I limitati investimenti su gas e petrolio potrebbero favorire la diminuzione dell’offerta

A cura di Nitesh Shah, Director of Research di WisdomTree

Mentre il greggio è negoziato a oltre 70 dollari al barile da aprile 2018, la produzione USA ha continuato ad espandersi e l’Organizzazione dei Paesi esportatori di petrolio (OPEC) ha ripristinato le curve produttive. A nostro avviso, dunque, la minaccia di offerta insufficiente nel prossimo futuro è piuttosto remota. Riteniamo tuttavia che, col tempo, l’assenza di investimenti nell’esplorazione e produzione di gas e petrolio potrebbe provocare la diminuzione dell’offerta di queste due fonti di energia.

Lenta ripresa degli investimenti

I prezzi del Brent sono crollati, passando da 110 dollari al barile nel 2014 a meno di 30 nel 2016 poiché l’OPEC ha avviato un programma di espansione dell’output. Tra il 2014 e il 2016 gli investimenti nei settori convenzionali di gas e petrolio sono scesi di oltre il 40%. Dopo avere attuato politiche che l’hanno danneggiata, l’OPEC ha cambiato ancora una volta strategia nel 2017, tagliando la produzione e ridistribuendo le quote previste per i singoli Paesi. Questa nuova strategia si è rivelata vincente poiché ha riportato il prezzo del petrolio ad oltre 80 dollari al barile nel giugno del 2018. Un’attenuazione delle curve dell’OPEC nel giugno di quest’anno ha comportato un lieve ribasso ma, da allora, i prezzi sono rimasti decisamente al disopra dei 70 dollari al barile. In concomitanza alla ripresa dei prezzi, sono aumentati anche gli investimenti nel settore dell’esplorazione di gas e petrolio. Nel 2017 gli investimenti sono saliti del 4% raggiungendo i 450milamld di dollari USA e, nel 2018, si prevede un aumento del 5%, a 472milamld. In ogni caso però l’industria non ha recuperato il terreno perso.

Focus sui cicli brevi

La maggior parte della crescita degli investimenti proviene dallo shale e dal tight oil, quasi per definizione incentrati su cicli più brevi (circa l’80% dell’output arriva nei primi due anni di produzione). Dopo essere rimaste scottate dalla forte volatilità dei prezzi tra il 2014 e il 2016, le compagnie petrolifere internazionali si sono dimostrate riluttanti a impegnarsi in progetti finanziari di più lungo percorso. La leggera crescita degli investimenti convenzionali onshore deriva principalmente dagli investimenti brownfield operati dalle compagnie petrolifere nazionali russe e medio-orientali. Sono invece in diminuzione gli investimenti convenzionali offshore, in genere prevalenti.

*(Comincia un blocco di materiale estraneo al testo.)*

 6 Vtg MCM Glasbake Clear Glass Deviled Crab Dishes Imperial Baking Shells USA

Anche se le previsioni indicano una crescita degli investimenti in Europa e in Medio Oriente, è probabile che il maggiore incremento degli investimenti provenga dagli Stati Uniti tramite i progetti sullo shale oil che mostrano aggressivi tassi di calo della produzione e, dunque, cicli brevi. In Medio Oriente c’è la tendenza a dare la priorità agli asset (brownfield) già produttivi.

Per ora è probabile permanga una situazione di equilibrio

L’Agenzia internazionale dell’energia (AIE) prevede che la domanda globale salga a 101,5mln di barili al giorno nel 4° trimestre del 2019: un aumento cioè pari a 2,7mln di barili al giorno rispetto alla stima di 98,8mn barili al giorno nel 2° trimestre del 2018. Lo shale USA probabilmente soddisferà la maggior parte della nuova domanda, mentre la capacità in eccesso di Arabia Saudita e Russia è in grado di soddisfare la maggior parte della domanda restante.

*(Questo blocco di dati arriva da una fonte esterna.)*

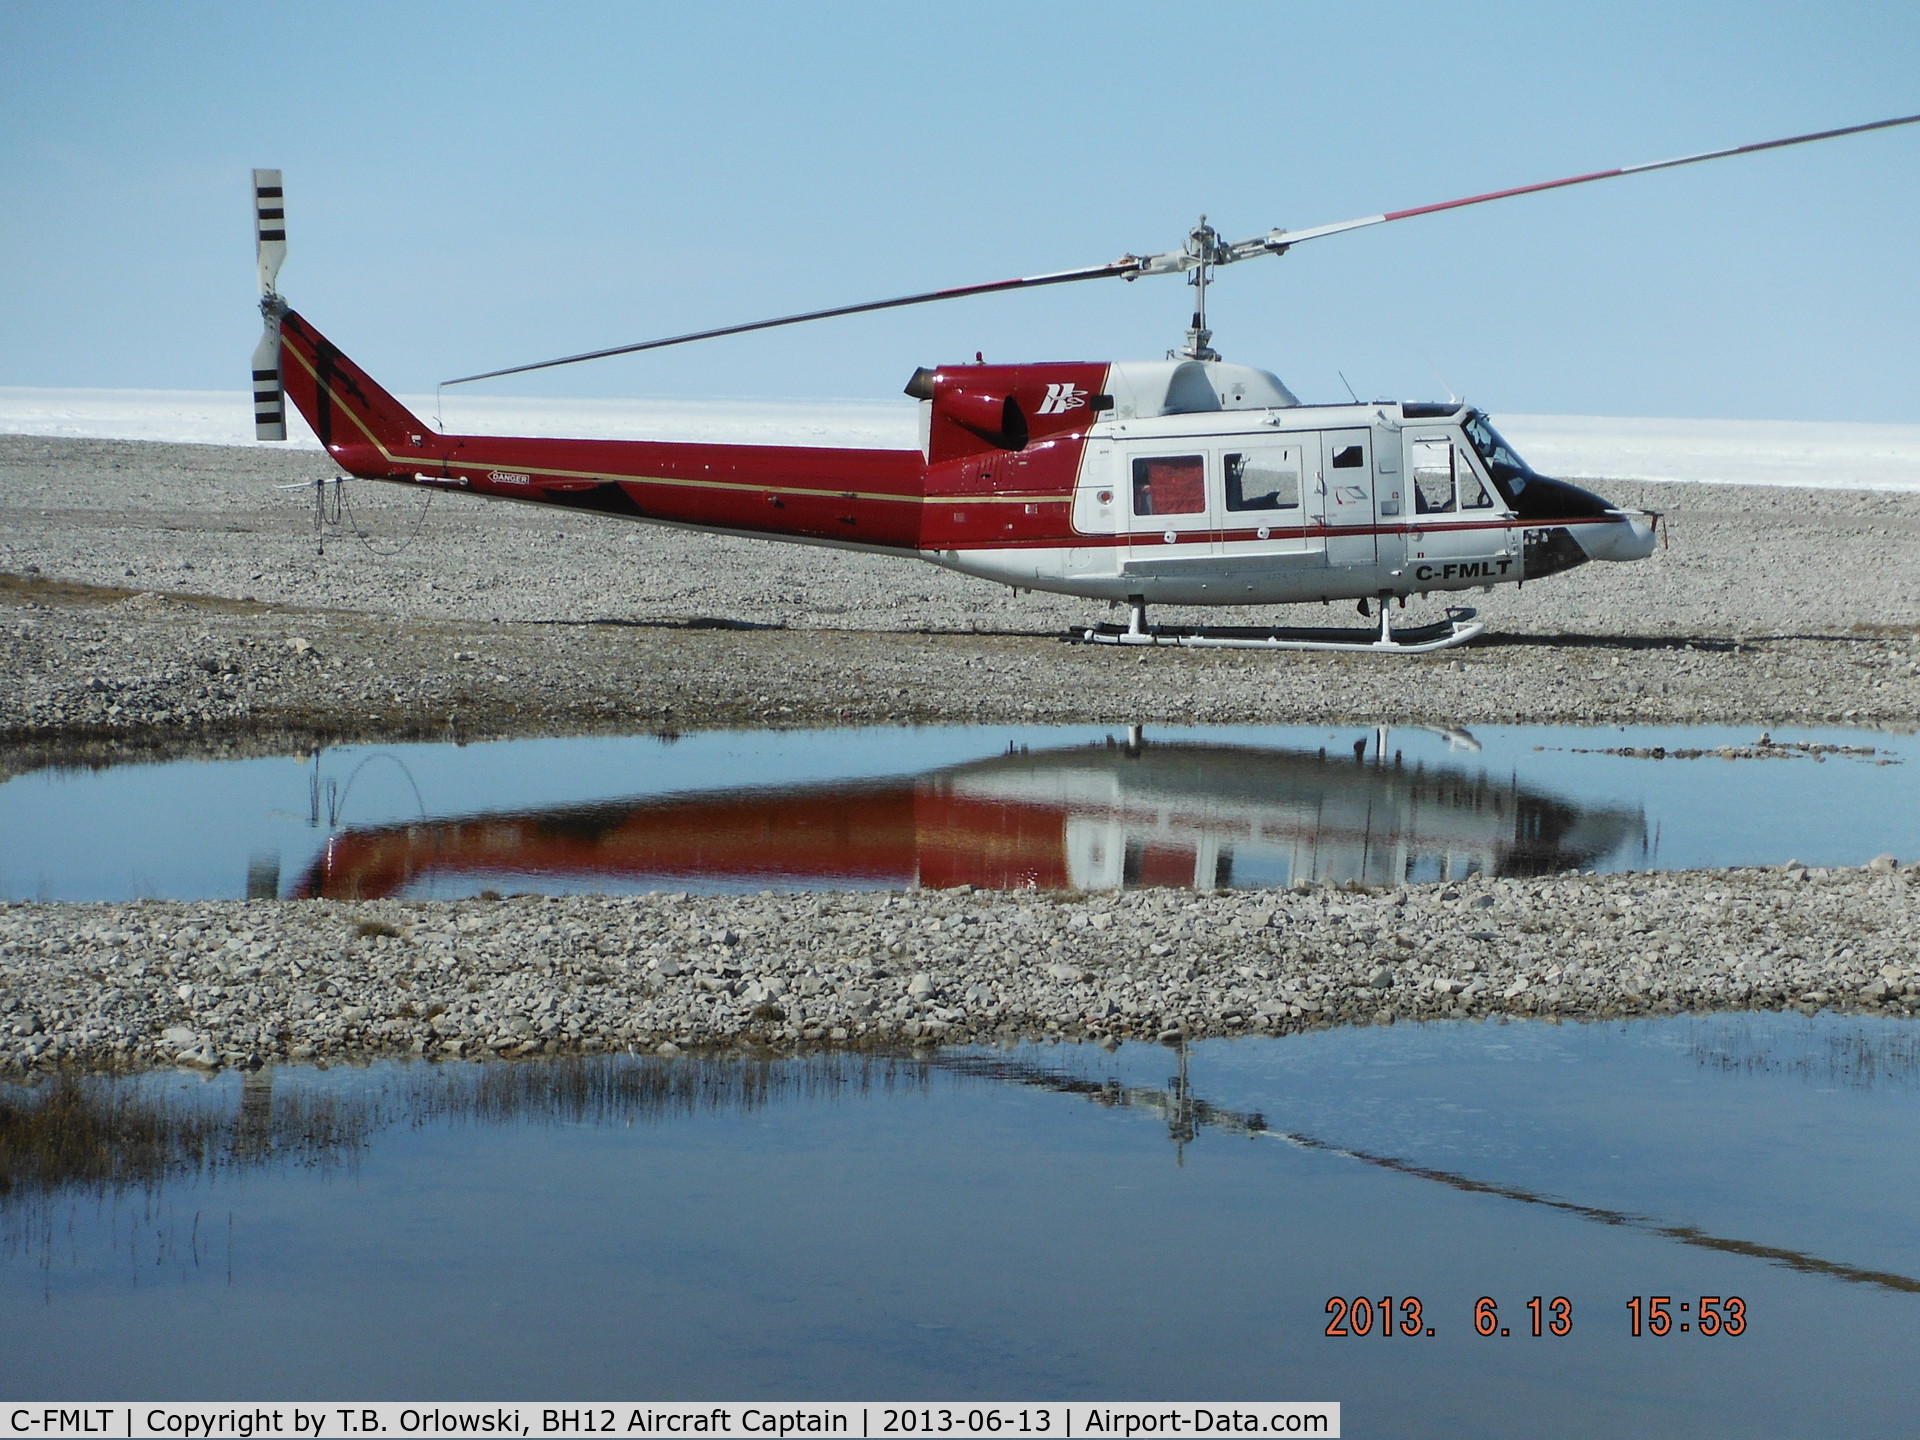 C-FMLT, 1978 Bell 212 C/N 30889, Harding River, Nunavut, Canada (North West Passage) near the beach tanks.  C-FMLT is based in Cambridge Bay (CYCB): it is one of the HTSC helicopters currently contracted for flight operations in support of the North Warning System (NWS).

Tuttavia, oltre quest’orizzonte, se gli investimenti in progetti di lungo termine saranno stati scarsi, potrebbero iniziare a manifestarsi alcune difficoltà nel soddisfare la domanda di petrolio (nel caso in cui la domanda mantenesse forti tassi di crescita).

Difficilmente in Iran si verificherà un’espansione dell’offerta, poiché è probabile che le sanzioni da parte degli Stati Uniti portino a un completo stallo degli investimenti. In Venezuela, Paese che attraversa un’analoga turbolenza economica, è improbabile che l’offerta continui a calare. Nel mentre, è probabile che l’offerta dalla Libia resti volatile.

La scarsità delle scoperte vincolerà l’offerta futura

Il crollo degli investimenti negli ultimi anni si è avvertito soprattutto nel campo delle esplorazioni. Ciò ha comportato la scarsità di nuove scoperte. Dunque, nonostante siano in aumento i progetti approvati, il calo delle scoperte potrebbe provocare delle limitazioni sul fronte dell’offerta. Pur non destando preoccupazioni nell’immediato, è probabile che l’offerta diminuisca in futuro.